Applying the above principles to Smith, Justice Fish stated that a trial judge does not need to provide a detailed explanation on how and why an unsavoury witness may mislead the court. A trial judge only has to identify why a witness’s testimony may be unreliable. As such, the trial judge’s warning to the jury in Smith was sufficiently thorough.

Justice Deschamps’ “Dissent”

In both cases, Justice Deschamps dissented in principle but not in outcome. She specifically took issue with the fourth element of the framework espoused by Justice Fish. Instead of trying to determine whether confirmative evidence is independent and material, the trier of fact should instead focus on credibility. Rather than be preoccupied with such vague concepts as evidentiary independence and materiality, the trier of fact should simply ask whether, given the evidence adduced, a witness is to be believed.

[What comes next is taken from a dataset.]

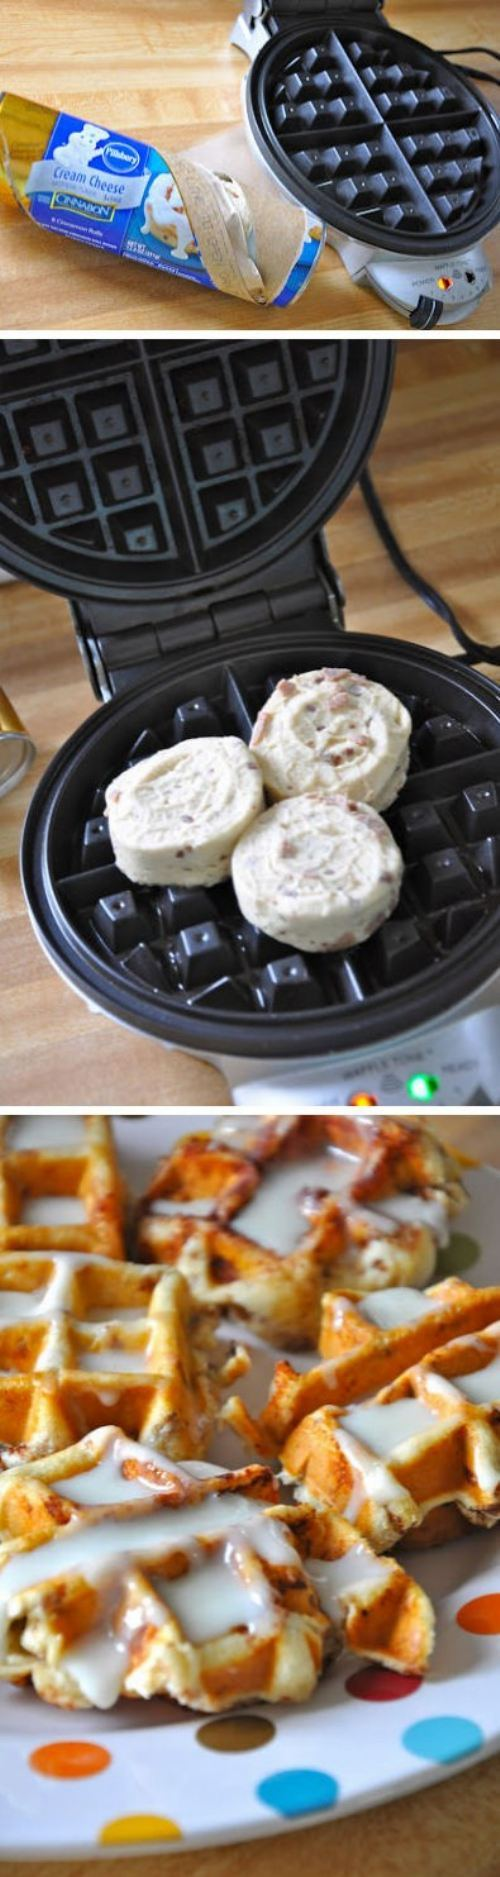 Cinnamon Roll Waffles?! Best idea ever! | Most Popular Pins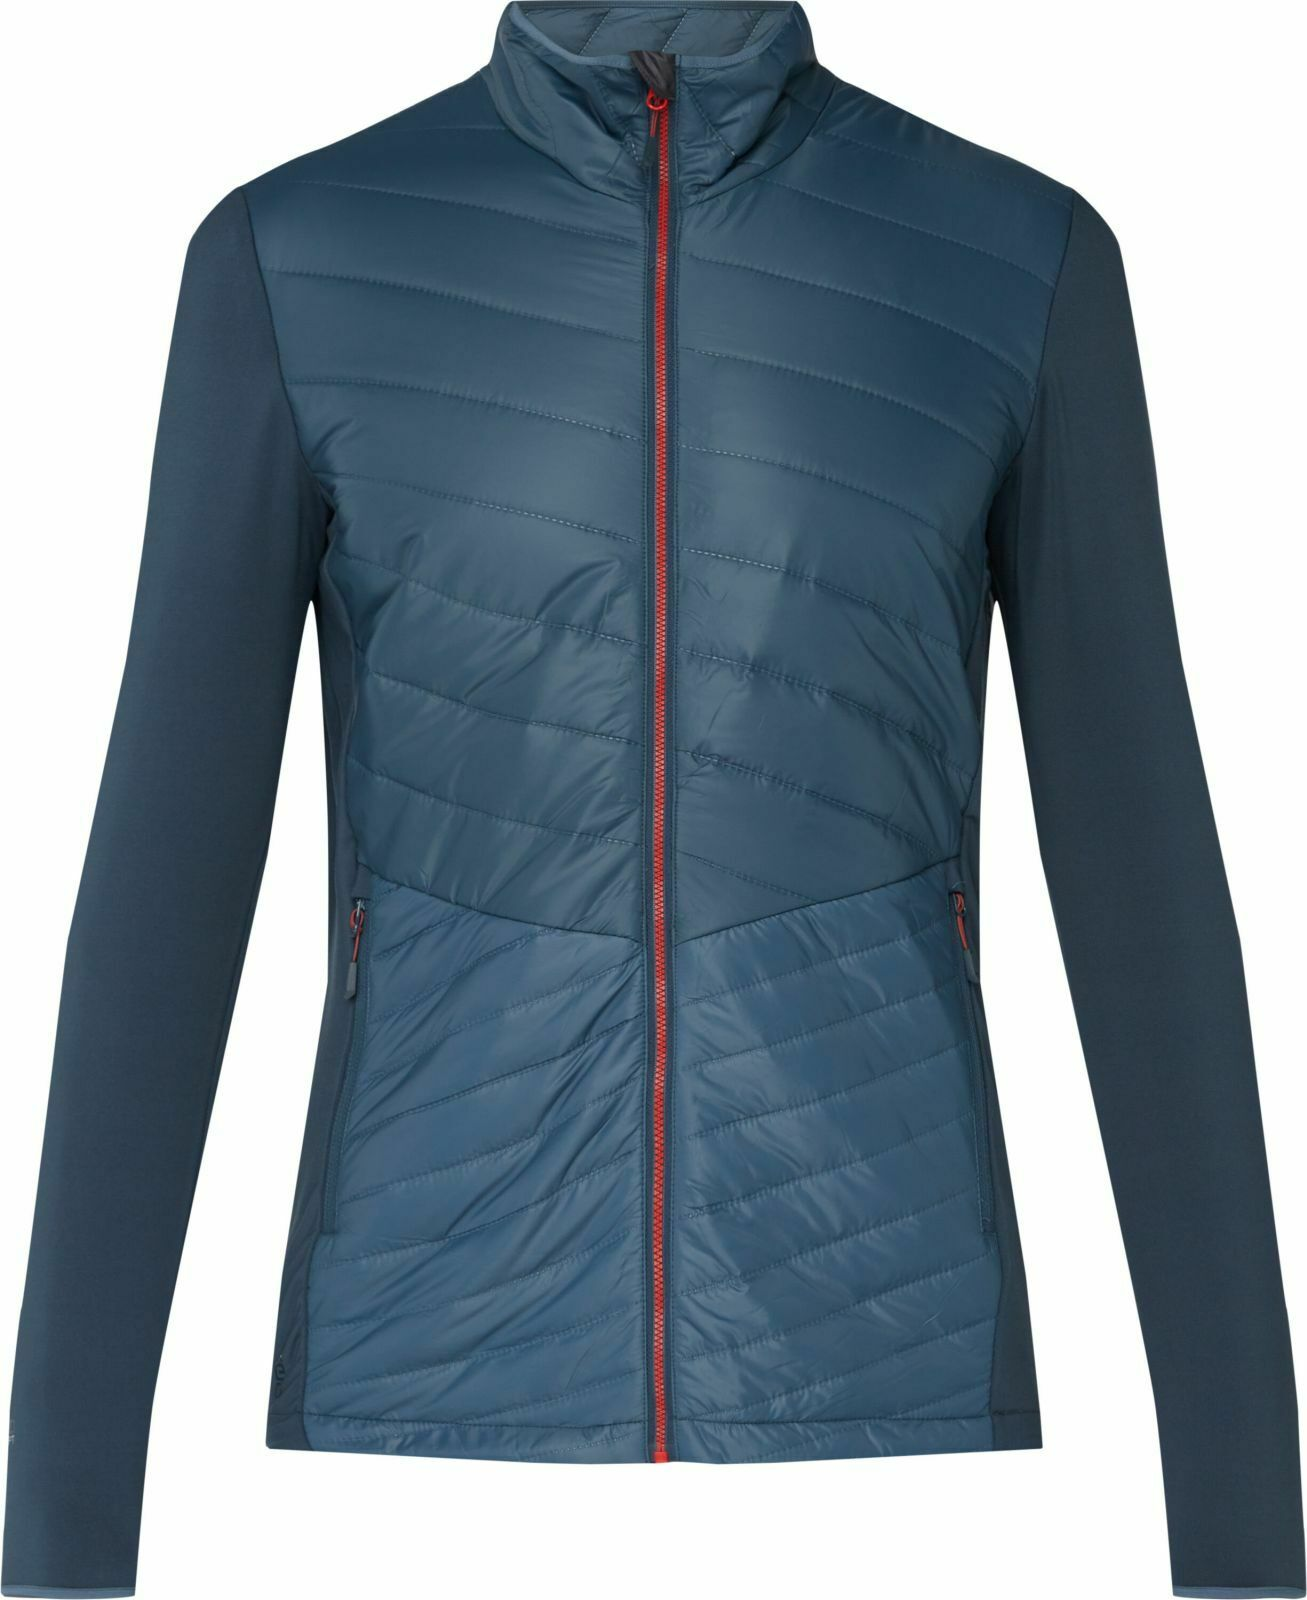 McKinley Herren Outdoor Freizeit Jacke Hybridjacke Rubito navy blau

Justice Deschamps believed that the majority’s framework for Vetrovec warnings would impose formal requirements on what a trial judge must include in her charge, thereby sacrificing the flexibility that has long been the virtue of Vetrovec warnings. Justice Deschamps advocated that the law should move towards simplifying evidentiary principles, not further complicating them and making truth-finding more cumbersome for the trier of fact.

Both judicial opinions, however, give trial judges significant latitude in crafting a Vetrovec warning to the jury. Both justices make clear that any framework for the Vetrovec warning can only serve as guidance, and that a trial judge should customize the warning to fit the circumstances in which it arises. This approach to jury charges is consistent with the Court’s statements in R v Lifchus, [1997] 3 SCR 320, regarding jury charges in general.

Although that case dealt with instructing the jury on what constitutes a reasonable doubt, the Court suggested that, as a general rule, there should be no check list of requirements for any jury charge, and instead trial judges should be free to tailor instructions to the jury within the parameters set by the Supreme Court. The developing jurisprudence surrounding jury charges indicates an increasing deference to trial judges and a reluctance to allow an accused to challenge a jury charge.